In Well 1, treated between Aug. 3 and Aug. 8, 2014, the source water analysis revealed significant bacteria concentration. The concentration of acid-producing bacteria (APB) and sulfate-reducing bacteria (SRB) is measured in bottle turns, which is a recognized American Petroleum Institute (API) method (API RP 38) to determine bacteria counts in the water.
Based on the data in Table 3, the pretreated water was "turning" five bottles of APB and one of SRB respectively at 15 and 30 days after incubation. However, after treatment with ClO2 at the tank level, bacteria was not detected in the water after the treated point or at the tank. ClO2 acts within seconds after injection within the main water transfer line. In a recycling project, flowback water will need to be treated again to ensure that only bacteria-free water is reintroduced into the wellbore.

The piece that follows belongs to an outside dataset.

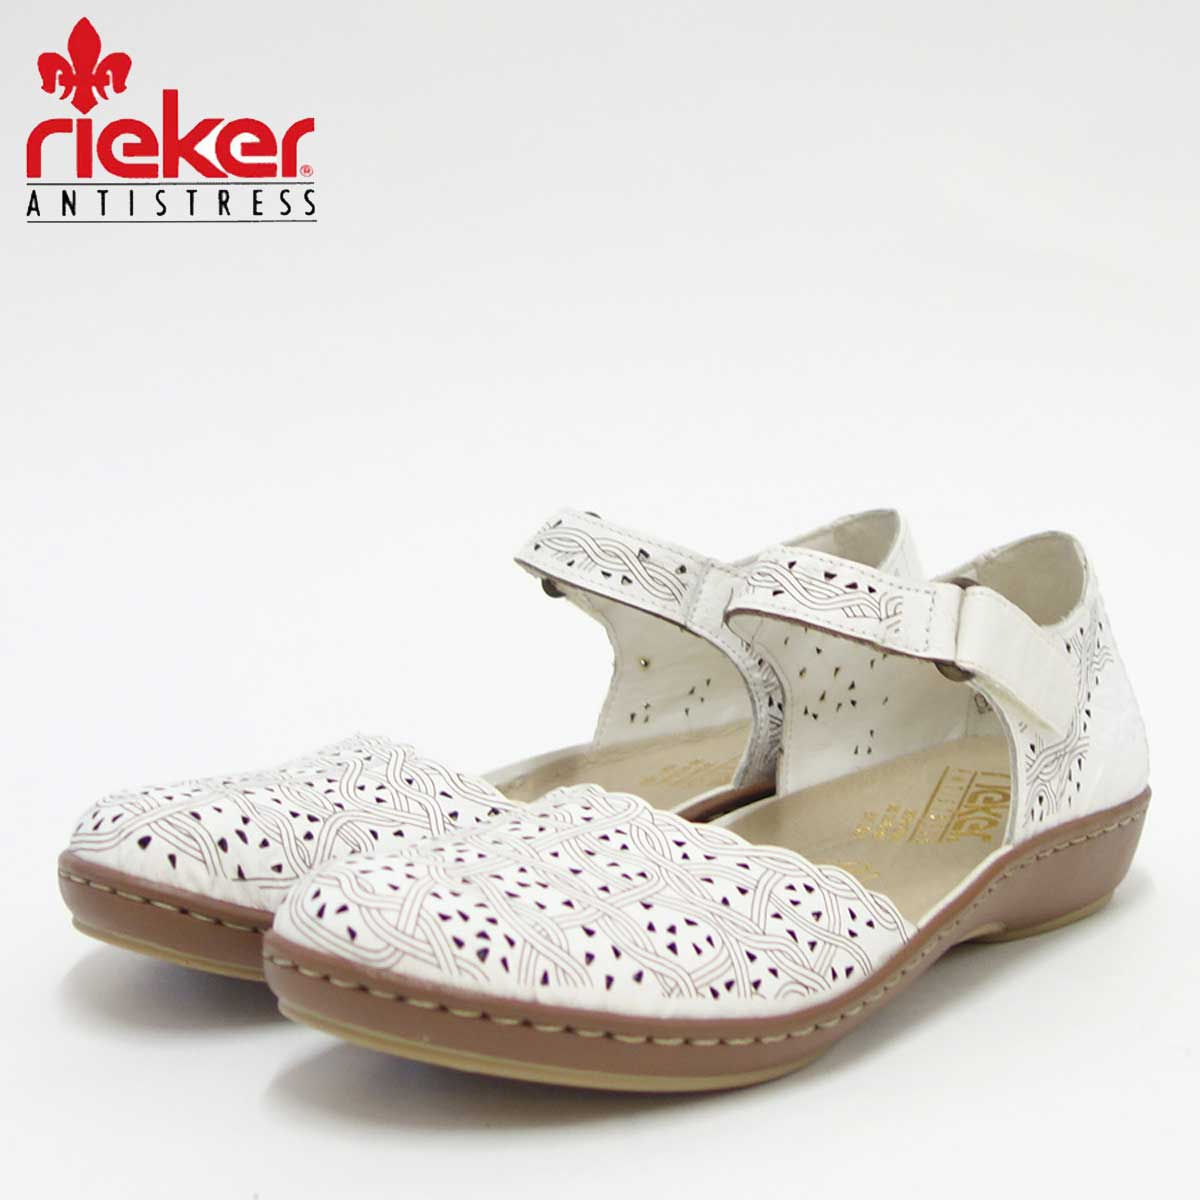 rieker リーカー 45887 80 ホワイト (レディース)クッション性の良いお洒落ストラップシューズ「靴」
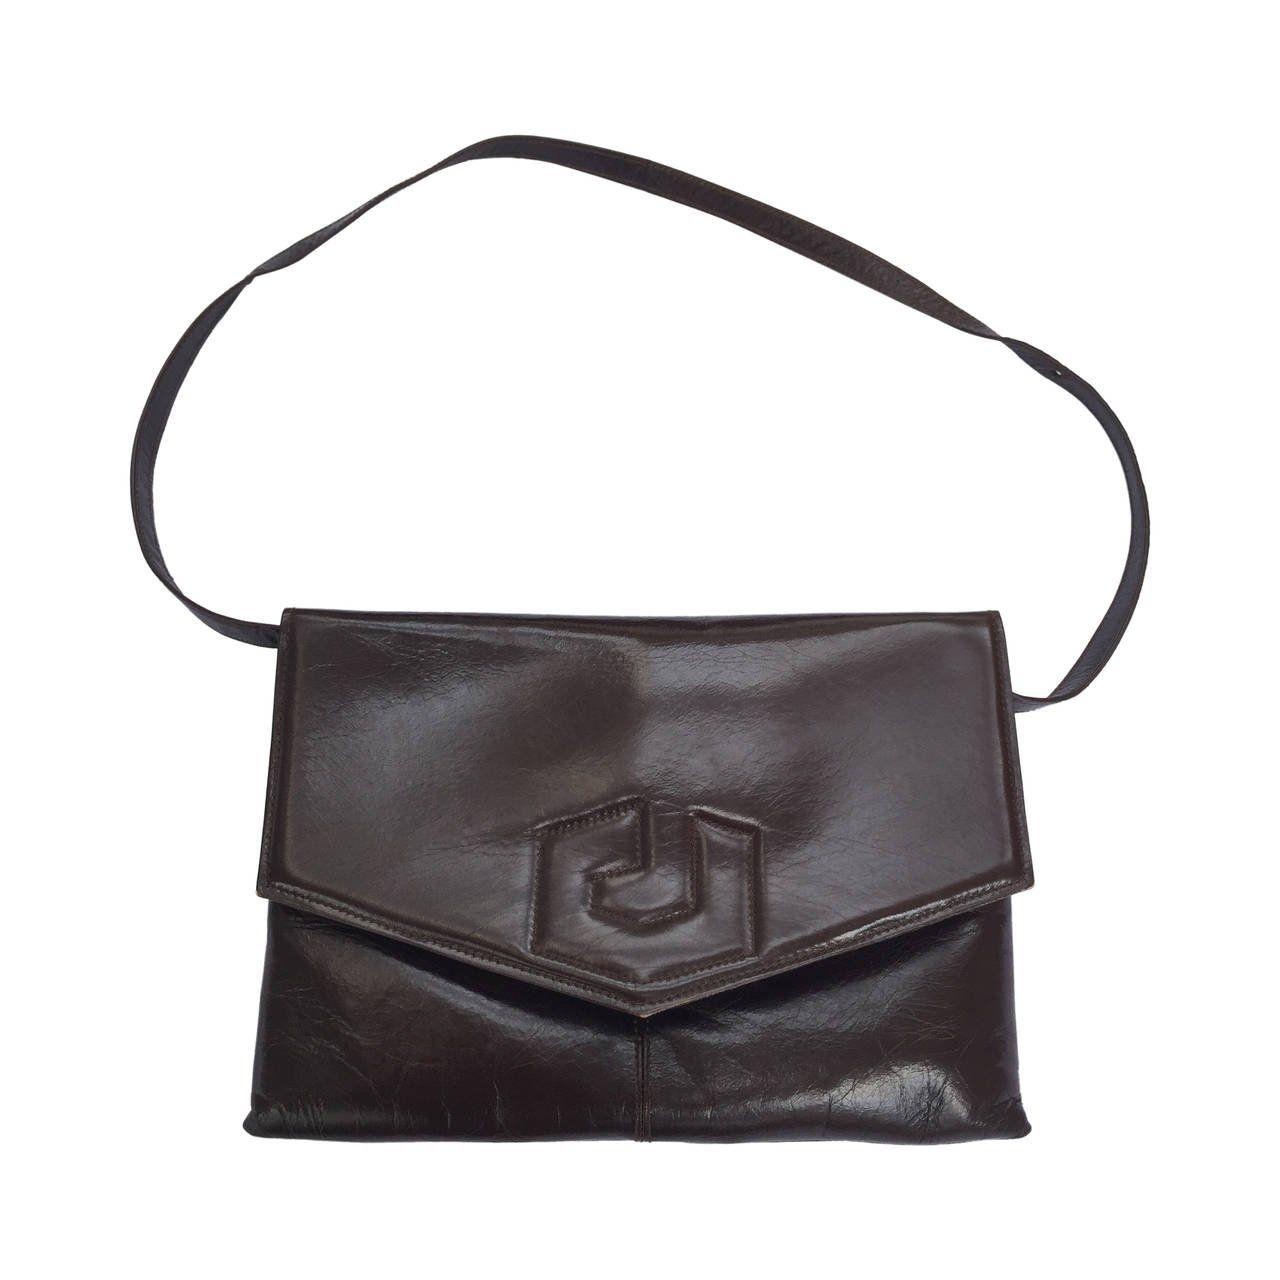 Charles Jourdan 70s Brown Leather Shoulder / Clutch Handbag a4y0ViKD5

The scale prevention treatment in New Mexico used nucleation and crystal modification to prevent scaling and can be used at temperatures up to 375 F downhole. Given the scaling tendencies for this site's water, specifically the calcite potential, a minimum of 8 parts per million (ppm) residual of the phosphonate tag was required. This residual is measured at 30 days after production starts to ensure a longer term of treatment efficacy and could be prolonged as long as the operator required. In this case, after 30 days of continuous treatment, the residual was 16.95 parts per million.
SRB and ACB are especially vulnerable to ClO2 oxidation.
ClO2 attacks the fundamental physiology of bacteria, prohibiting both anaerobic and aerobic bacteria from developing resistance, and eliminates the need to alternate biocide treatments.
ClO2 is not only an effective biocide. Its oxidizing properties will destroy H2S and FeS contaminants in the system, and is ideal for impounded produce water treatment.
Below are some objectives of the treatment and observations from the New Mexico wells. The results from Well 1 are summarized in Figures 1, 2 and 3.
The goal was to maintain consistent ClO2 residual in the tank to ensure sterilization of the water.
The systems' analyzer automatically adjusted the delivery of ClO2 on demand to maintain the target residual, which helps with on-site operations and safety.
Fluctuations were observed in the delivery rate of ClO2, and this had a direct correlation with the bacteria concentrations observed in the water. The system reacted in real time.
In Stage 1, the water was treated higher at the set point to sterilize the tanks. In most cases, a large delta shown between the analyzer set point and the residuals measured indicates that the inlet water was temporarily dirtier than the previous stages.
The system monitors every 15 minutes at all points of measure to ensure a cost-effective use of ClO2.
ClO2 has no significant impact on the pH of the fracturing fluid (see Figure 3). This is important because a high or low pH may disrupt the efficacy of the fluid. ClO2 has a limited to no effect on the pH of the fluid, is pH-tolerant and kills organisms from pH 2 to pH 10.